To generate these choropleth maps, I will prep the data by using the code provided in 5.3 Overlaying Vector Datasets to join okcounty to countysum.
countysum <- countypnt %>%
group_by(GEOID) %>% # group by GEOID
summarize(tcnt = n()) # count the records in each group
countymap <- okcounty %>%
left_join(countysum, by = "GEOID") %>% # ensure all county polygons are
# retained by using left_join()
replace(is.na(.), 0) %>% # NA values are replaced by 0s
mutate(area = st_area(okcounty), # compute area of each county
tdens = 10^6 * 10^3 * tcnt / area) %>% # compute density of tornadoes
drop_units() # remove measurement units
glimpse(countymap)
## Rows: 77
## Columns: 11
## $ STATEFP <chr> "40", "40", "40", "40", "40", "40", "40", "40", "40", "40", "…
## $ COUNTYFP <chr> "077", "025", "011", "107", "105", "153", "001", "053", "059"…
## $ COUNTYNS <chr> "01101826", "01101800", "01101793", "01101841", "01101840", "…
## $ AFFGEOID <chr> "0500000US40077", "0500000US40025", "0500000US40011", "050000…
## $ GEOID <chr> "40077", "40025", "40011", "40107", "40105", "40153", "40001"…
## $ NAME <chr> "Latimer", "Cimarron", "Blaine", "Okfuskee", "Nowata", "Woodw…
## $ LSAD <chr> "06", "06", "06", "06", "06", "06", "06", "06", "06", "06", "…
## $ area <dbl> 1890663261, 4766283042, 2427121029, 1657249513, 1503893122, 3…
## $ tcnt <dbl> 1, 12, 1, 10, 6, 2, 6, 0, 4, 9, 3, 10, 12, 1, 2, 8, 13, 4, 5,…
## $ geometry <POLYGON [°]> POLYGON ((-95.50766 35.0292..., POLYGON ((-103.0025 3…
## $ tdens <dbl> 0.5289149, 2.5176851, 0.4120108, 6.0340944, 3.9896452, 0.6197…
After the data is joined, create quantile breaks with numbers of classes ranging from 3 to 6.

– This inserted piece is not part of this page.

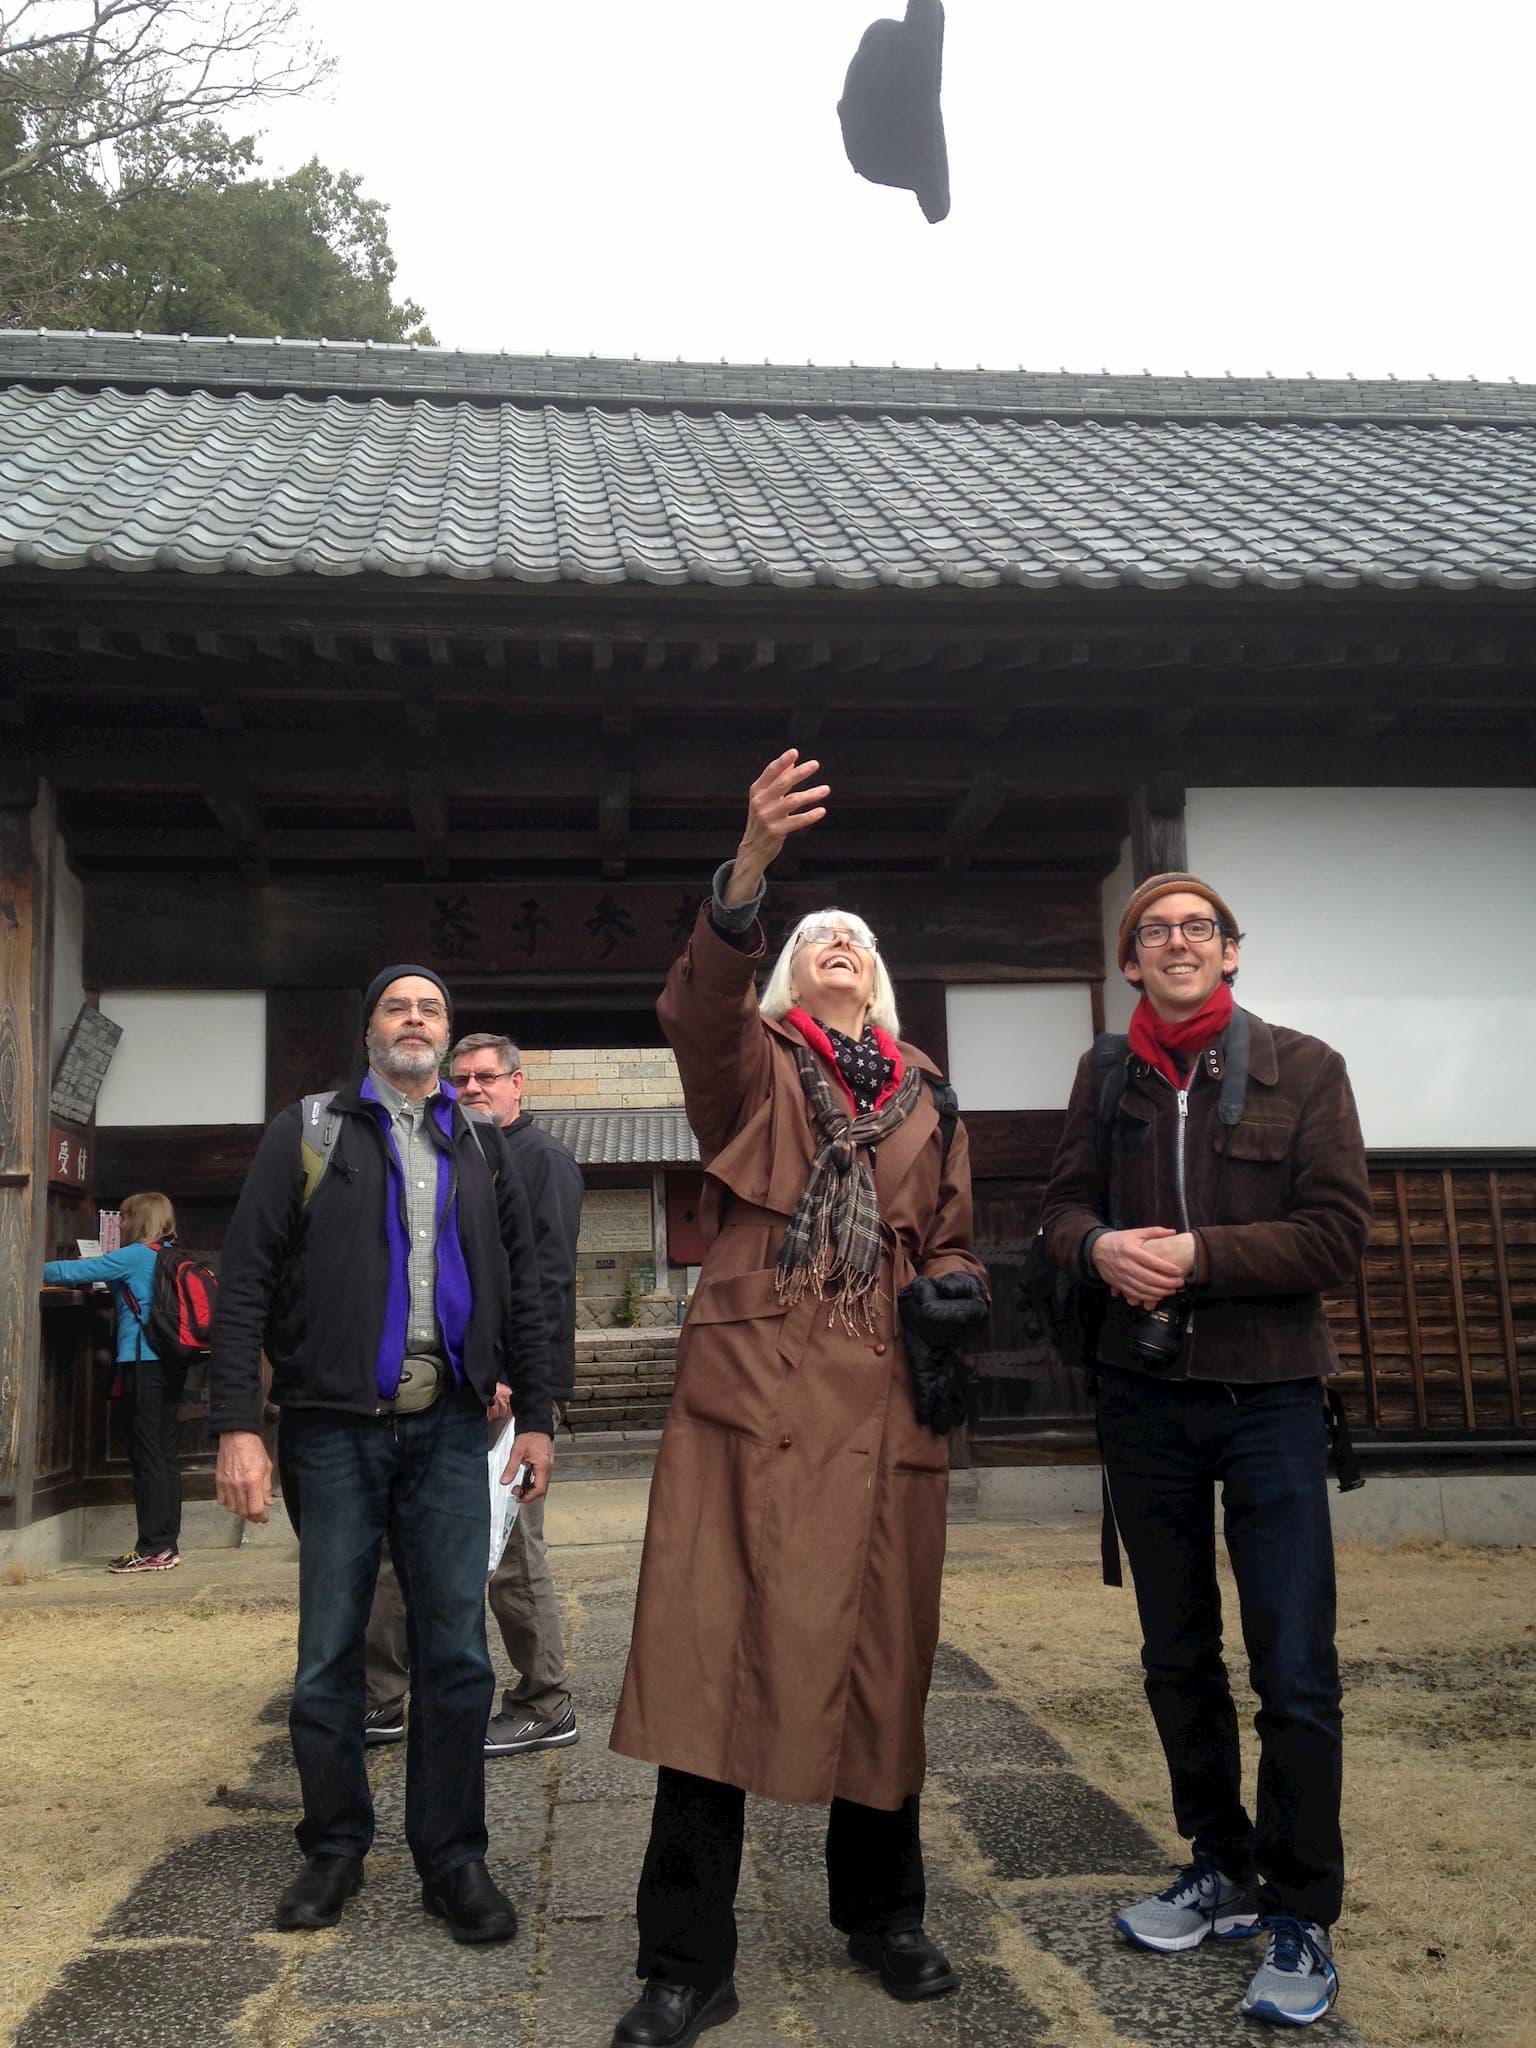 Guillermo Cuellar, Clary Illian, & Mason Hiatt pose in front of Shoji Hamada's studio museum in Mashiko, Japan, 2016. Courtesy of Guillermo Cuellar

countymap <- countymap %>%
# to cut down on code, remove the numclas and qbrks objects from the tutorial
# and enter each class into a single mutate function
mutate(
tdens_c3 = cut(tdens,
breaks = quantile(tdens, probs = seq(0, 1, length.out = 4)),
include.lowest = T),
tdens_c4 = cut(tdens,
breaks = quantile(tdens, probs = seq(0, 1, length.out = 5)),
include.lowest = T),
tdens_c5 = cut(tdens,
breaks = quantile(tdens, probs = seq(0, 1, length.out = 6)),
include.lowest = T),
tdens_c6 = cut(tdens,
breaks = quantile(tdens, probs = seq(0, 1, length.out = 7)),
include.lowest = T)
)
qb3_map <- ggplot(data = countymap) + # 3 class breaks map
geom_sf(aes(fill = tdens_c3)) +
scale_fill_brewer(palette = "YlOrRd") +
theme_void() +
theme(legend.position = "bottom",
legend.text=element_text(size=7))
qb4_map <- ggplot(data = countymap) + # 4 class breaks map
geom_sf(aes(fill = tdens_c4)) +
scale_fill_brewer(palette = "YlOrRd") +
theme_void() +
theme(legend.position = "bottom",
legend.text=element_text(size=7))
qb5_map <- ggplot(data = countymap) + # 5 class breaks map
geom_sf(aes(fill = tdens_c5)) +
scale_fill_brewer(palette = "YlOrRd") +
theme_void() +
theme(legend.position = "bottom",
legend.text=element_text(size=7))
qb6_map <- ggplot(data = countymap) + # 6 class breaks map
geom_sf(aes(fill = tdens_c6)) +
scale_fill_brewer(palette = "YlOrRd") +
theme_void() +
theme(legend.position = "bottom",
legend.text=element_text(size=7))
plot_grid(qb3_map, qb4_map, qb5_map, qb6_map,
ncol = 2, # create 2 columns
align = "hv") # align horizontally & vertically
The number of classes changes the interpretation of the severity of the data. In the maps with 3 and 4 classes, the limited color range gives the impression that counties in the northeast portion of the state (symbolized by dark orange) have seen a similar number of tornadoes as counties in the central and southwest regions of the same color. The third and fourth maps, symbolizing 5 and 6 classes, respectively, show greater variation in the density of tornado occurrences. The darker colors give the impression of a higher concentration of tornado occurrences in the northeast corner of the state, with fewer exceptions in the central and southwest regions than in the other maps. The map symbolizing 5 classes gives the impression of more severe occurrences than any other map, while adding one more class appears to dilute these colors in the fourth map.